NEW YORK — The decision to send Hillary Clinton to East Asia on her first extended tour as secretary of state rather than Europe, the Middle East or Latin America confirms that conventional wisdom finally has penetrated the walls of the State Department. Asia is the future — this has been clear since the 1990s — even if the Middle East presents more urgent challenges, and Europe provides a comfortable, genteel zone for new diplomats to cut their teeth.
But Clinton faces a dilemma. While the choice of nations — China, Japan, South Korea and Indonesia — presents her with an opportunity to begin working on a number of long-running issues between the United States and the nations of the Pacific Rim, in each of them (and in most of the rest of the world, too), an old motto may come back to haunt her. She might not hear “it’s the economy stupid” verbatim, but the reality of that phrase can’t be denied. Many, frankly, would prefer to see Timothy Geithner, the treasury secretary, than America’s chief diplomat.

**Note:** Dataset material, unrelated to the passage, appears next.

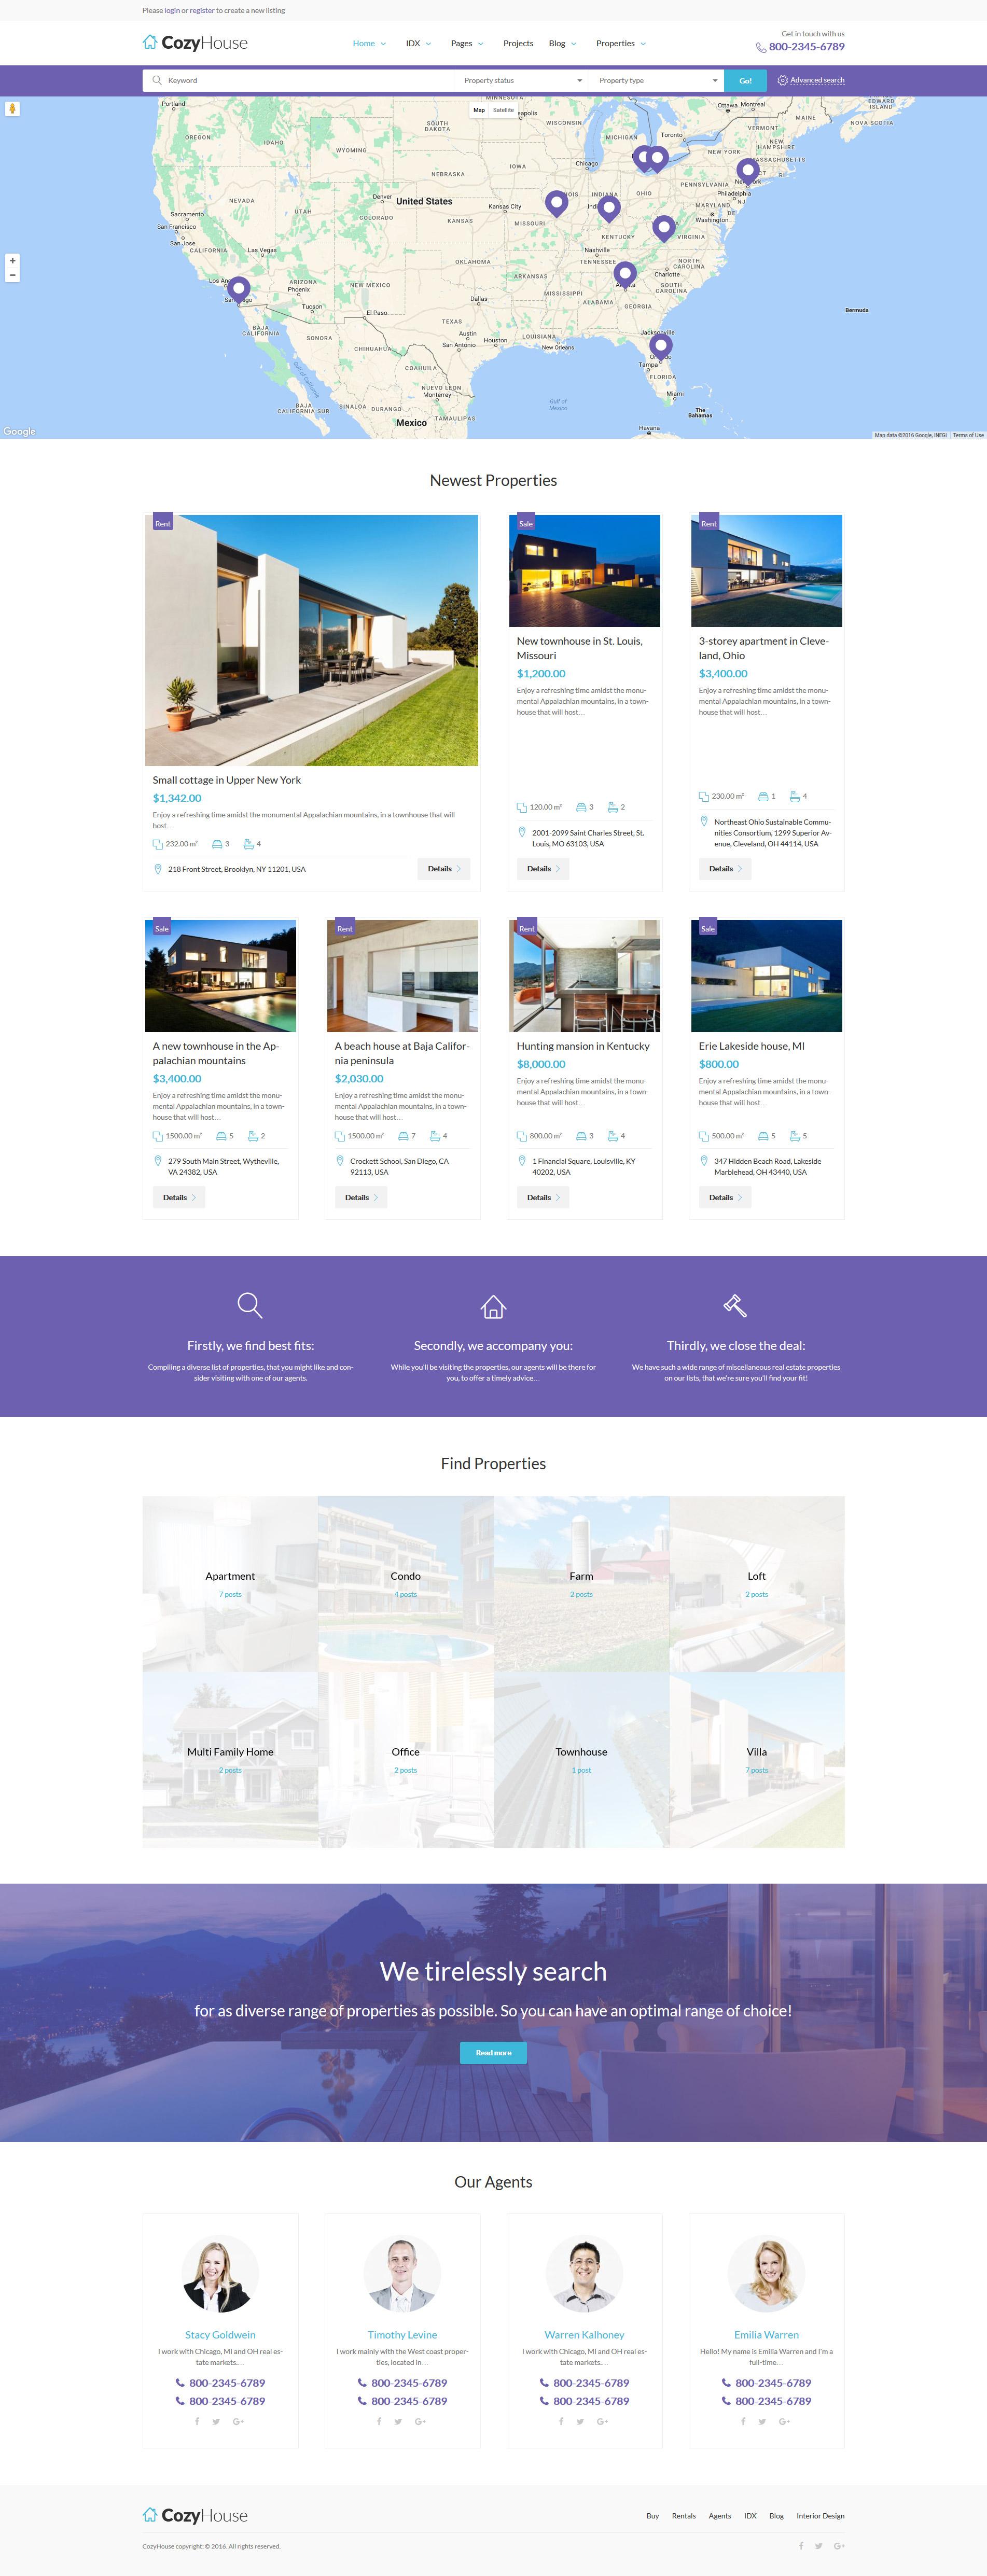 CozyHouse - Real Estate Premium №61222 - скриншот

Economics aside, each stop on Clinton's itinerary serves up meaty foreign policy issues:
1) North Korea
In China, Japan and South Korea, reviving the on-again, off-again Six Party Talks with North Korea will be a goal. South Korean reports that the North is planning a major ballistic missile test to welcome the secretary of state must be taken with a grain of salt, but then North Korea is nothing if not unpredictable.
2) The more assertive Japan
Japan’s steady reemergence as a player in world peacekeeping has pleased the United States, and Clinton may encourage this while in Tokyo. Another topic for discussion: the deliberately vague terms of the U.S.-Japan defense treaty should the dispute between Taiwan and China ever turn into a shooting war. If Washington and Tokyo have a hard agreement on that scenario, they’ve kept it quiet. Clinton has a right to ask.
3) Taiwan, human rights and climate change
Talks in Beijing invariably will include a discussion of the Taiwan dispute, which has cooled considerably since a Taiwanese government opposed to outright independence came to power last year. The Bush administration’s decision to approve new arms sales in 2008 to the island, which Beijing regards as a “renegade province,” led China to suspend military-to-military cooperation last year. Getting that reversed on this trip would be a coup, but will conflict with pressure from the American left to talk more forthrightly about human rights, including Tibet’s autonomy. Another prickly priority: winning China’s agreement to caps on its emissions of carbon. China pays lip service to constraining its carbon emissions, but feels (as other developing nations do) that the fault for the problem lay with the West, and that its development should not suffer. But scientists say without caps on Chinese emissions — already the largest single national source in the world — talks about preventing catastrophic environmental effects are futile.
4) The Muslim giant
Clinton’s short stop in Jakarta is meant to emphasize the importance the new administration puts on smoothing relations with a Muslim world so riled by the wars raging in Iraq and Afghanistan, and, more generally, U.S. support for Israel. Washington also has a longstanding but difficult relationship with Indonesia's military. Some see Obama’s boyhood residence in the world’s most populous Muslim nation (237 million strong) as the possible launching pad for a presidential visit that could form part of a larger effort to reach out to moderate Islam.
5) Money talks
But none of these issues holds a candle to the global economic crisis, a disaster largely viewed in Asia as having a “Made in America” tag. As chief cheerleader for globalization, the U.S. must take ownership of some of the ill effects roiling East Asian economies. Clinton, well-aware that money talks as never before in times like these, has put out word through her aides that she would like to see responsibility for the U.S.-China relationship revert to the State Department after its long residence in the pocket of Henry Paulson, the recently departed Bush treasury secretary.
Experts are skeptical.
“Despite the fact that we had some interest emanating from the State Department to sort of seize a little more control of the issue, I think it belongs to Treasury,” says Elizabeth Economy, leader of the Council on Foreign Relations program on Asia studies.
That said, Clinton may prove a powerful tonic for what ails U.S. prestige in the region. Her last trip to Beijing in 1995 — when she gave a strident and well-regarded speech to the United Nations Conference on Women — made her a minor star across Asia. Her 2003 autobiography, "Living History," sold nearly 1 million copies in China in translation, though Beijing’s censors insisted on striking mentions of Chinese human rights advocate Harry Wu and several other references that bothered China’s paper-thin skin.
The Clinton who returns to China as secretary of state finds her personal authority vastly increased since her first visit 14 years ago, even if the nation for which she wields it has been diminished. In 2009, however, Asians will be looking less for guidance on human rights than for signs of basic economic competence from Washington’s new emissary. While America has serious foreign policy business to conduct with each of the countries Clinton visits, the near collapse of the global economic growth that so transformed East Asia over the past two decades is on top of everyone’s agenda — and is number 2, 3 and 4, as well.